## GIVEN INFORMATION
- Opening Delimiter -
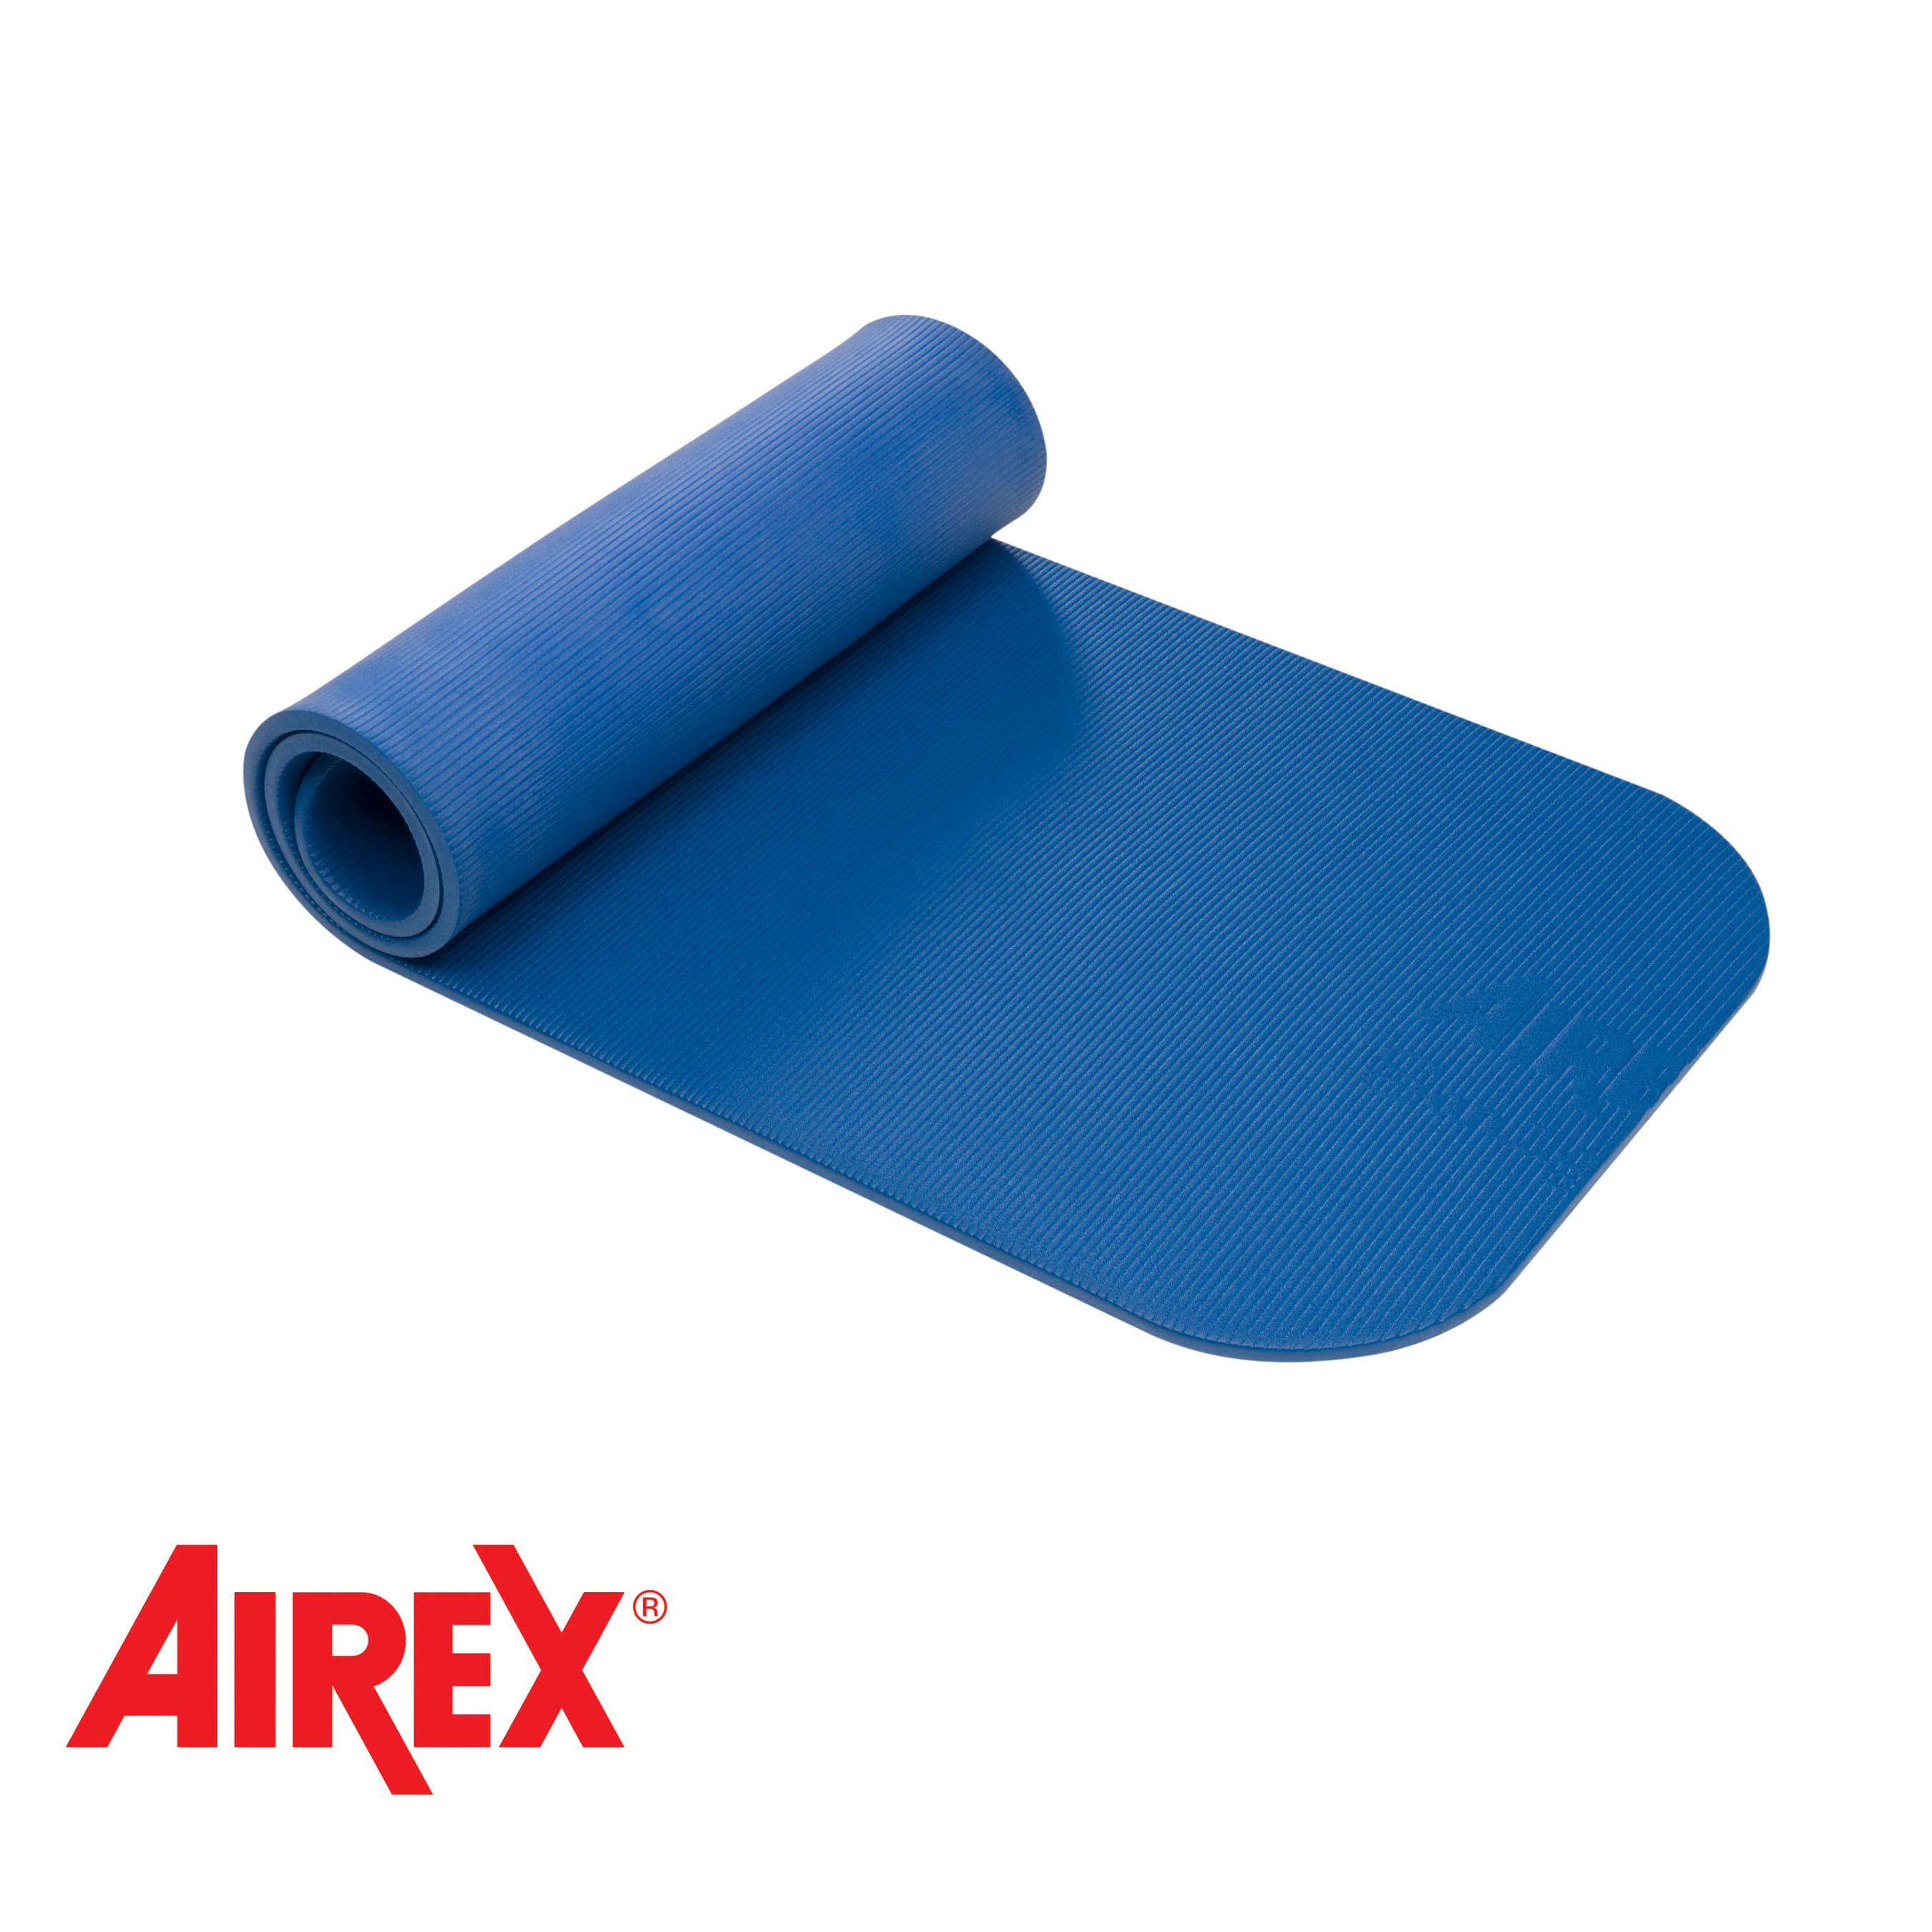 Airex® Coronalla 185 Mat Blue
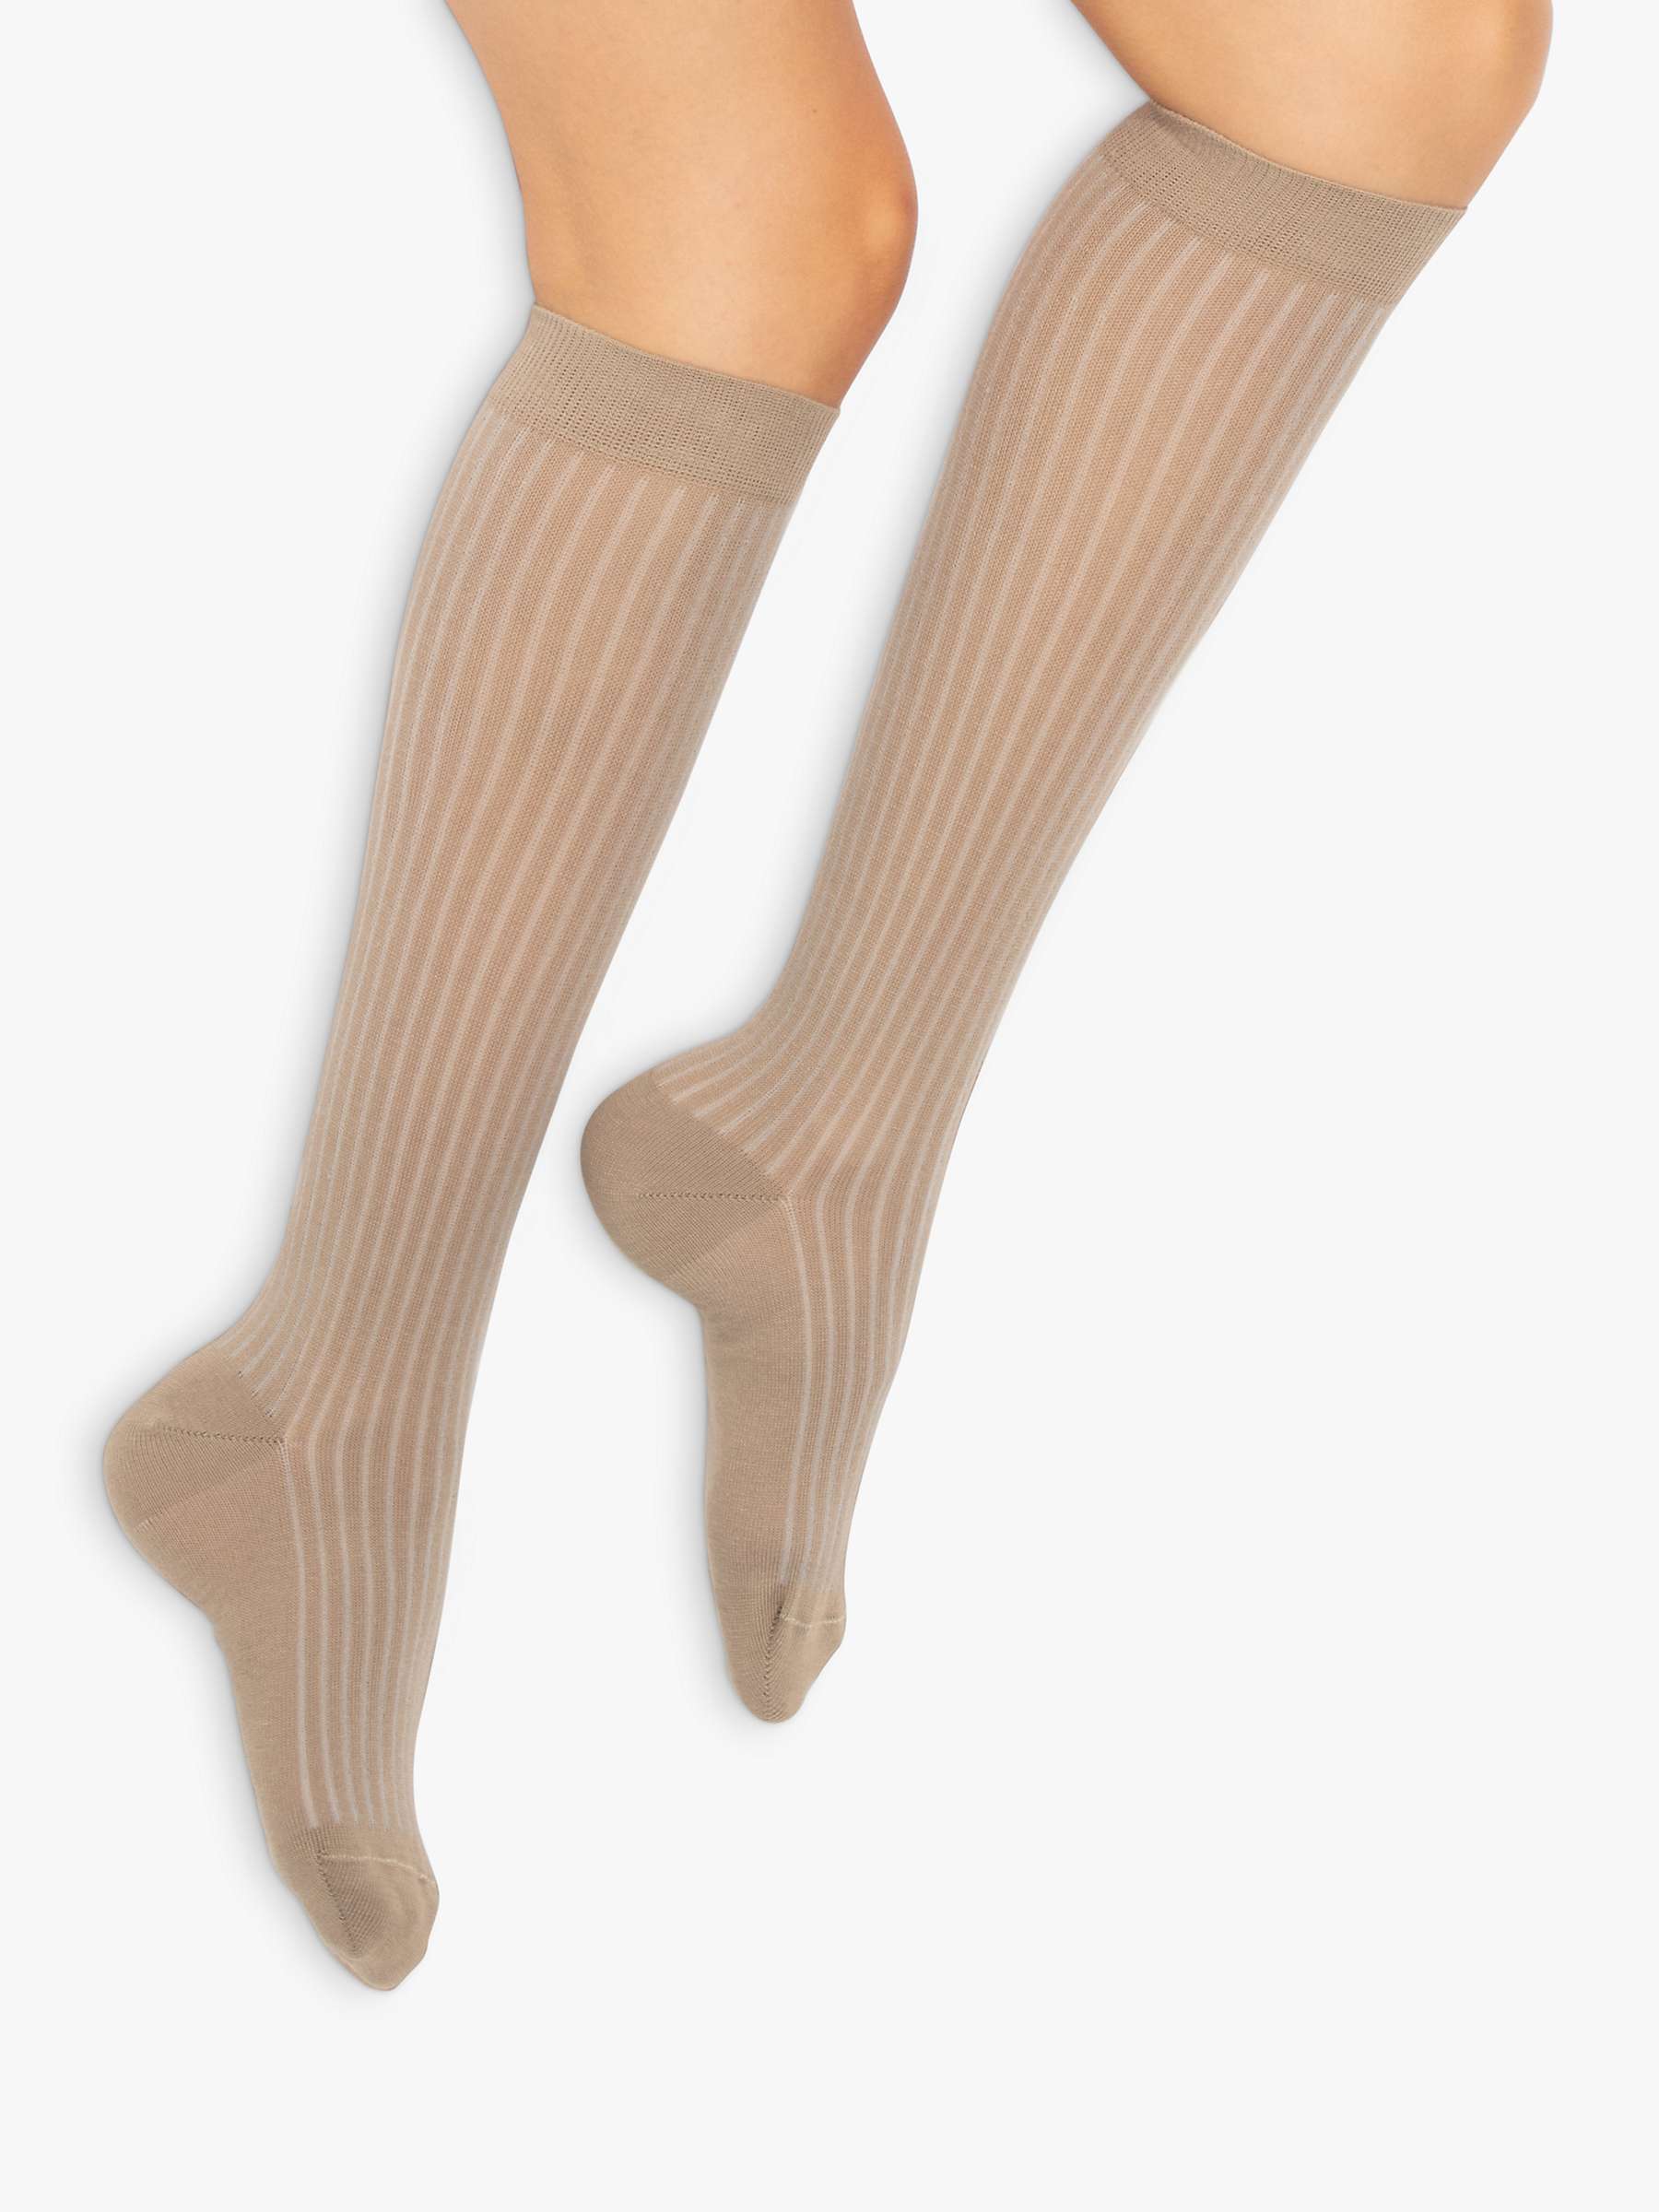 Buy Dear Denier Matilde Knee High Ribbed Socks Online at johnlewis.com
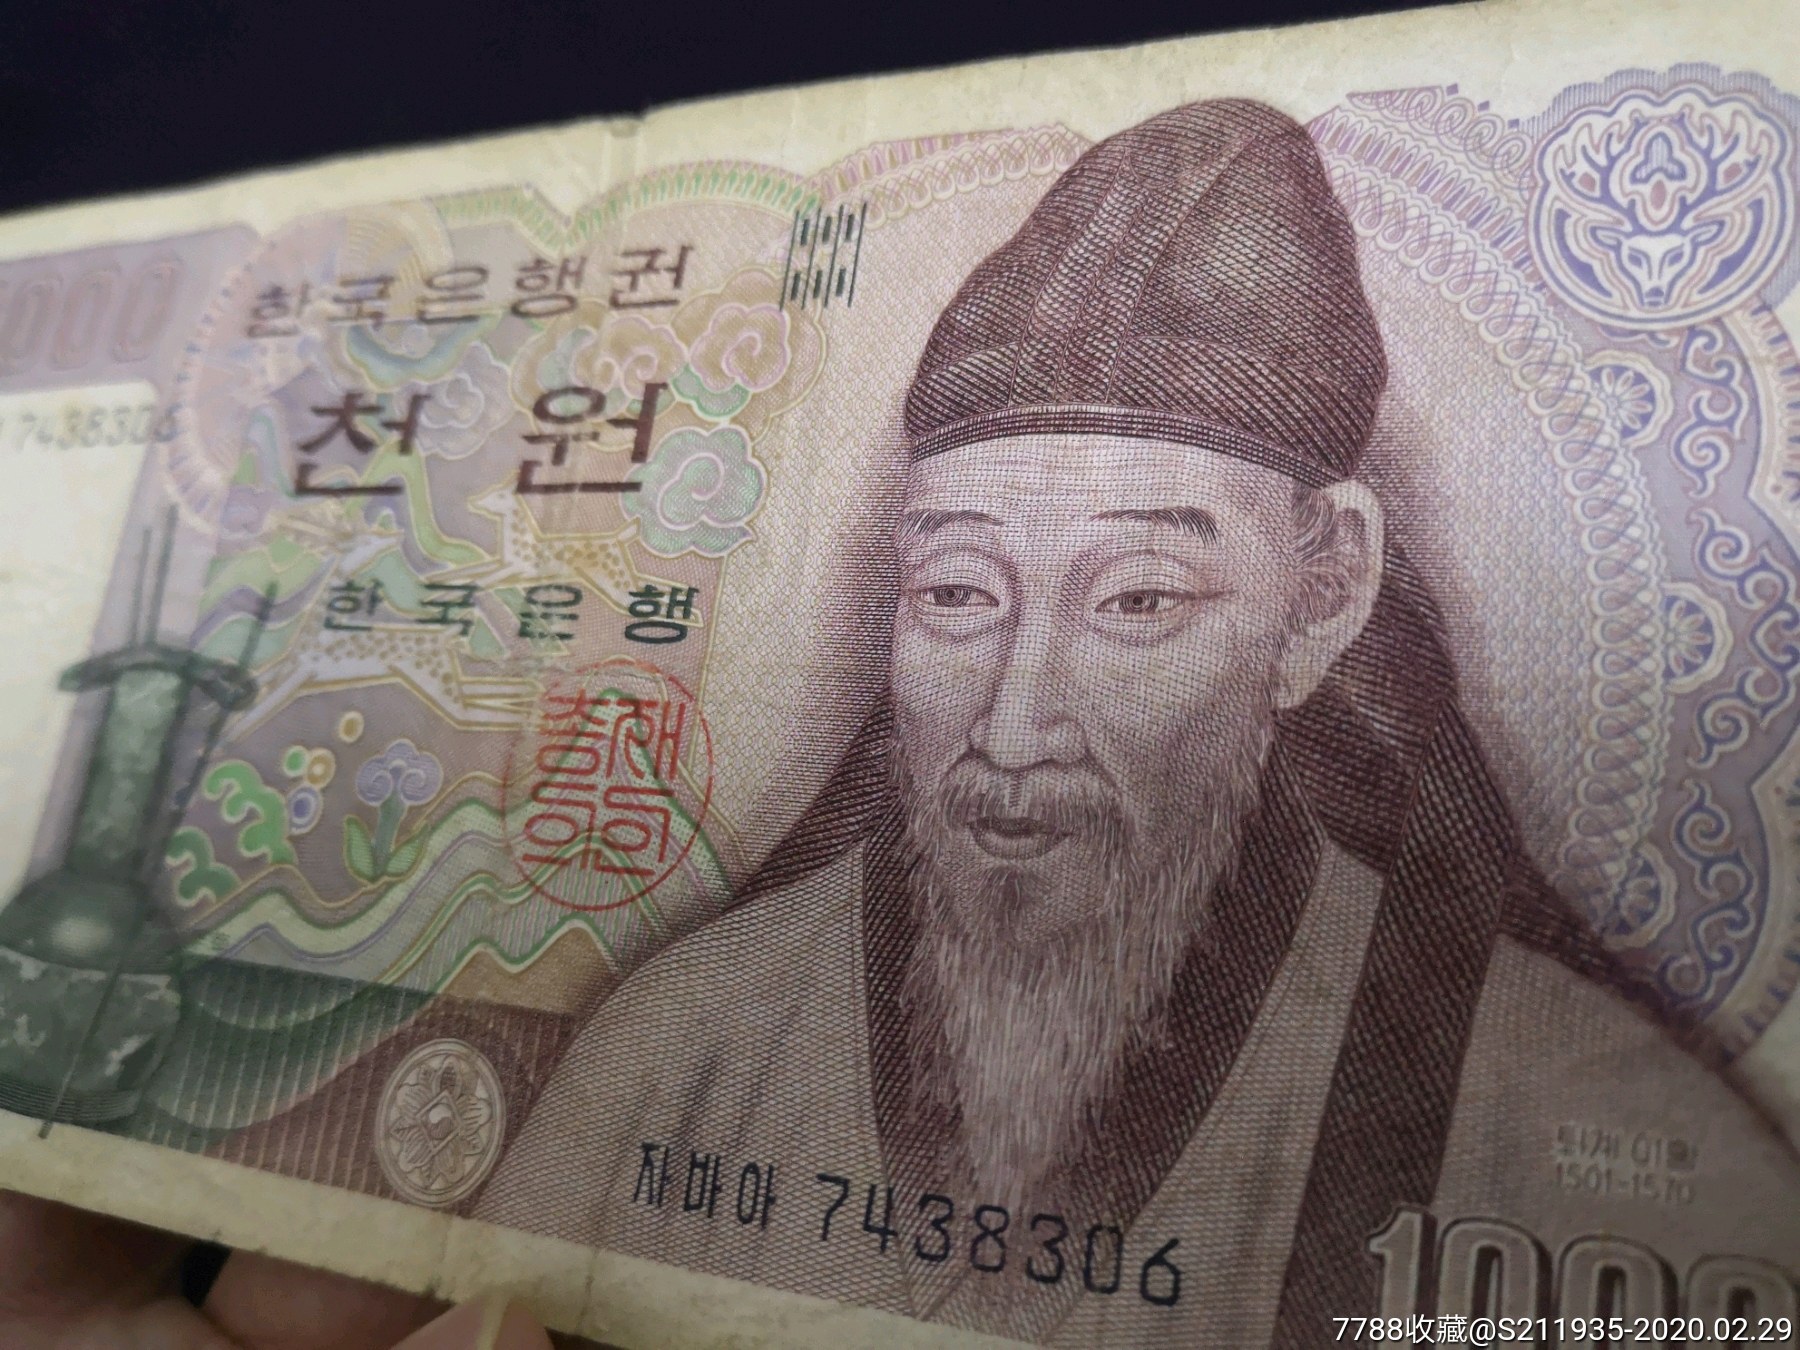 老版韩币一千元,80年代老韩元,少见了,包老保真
- Closing Delimiter -
## PROBLEM TO WORK ON
Retype each line above exactly. Leave the images out.

## TASK RESPONSE
 Airex® Coronalla 185 Mat Blue
 Buy Dear Denier Matilde Knee High Ribbed Socks Online at johnlewis.com
 老版韩币一千元,80年代老韩元,少见了,包老保真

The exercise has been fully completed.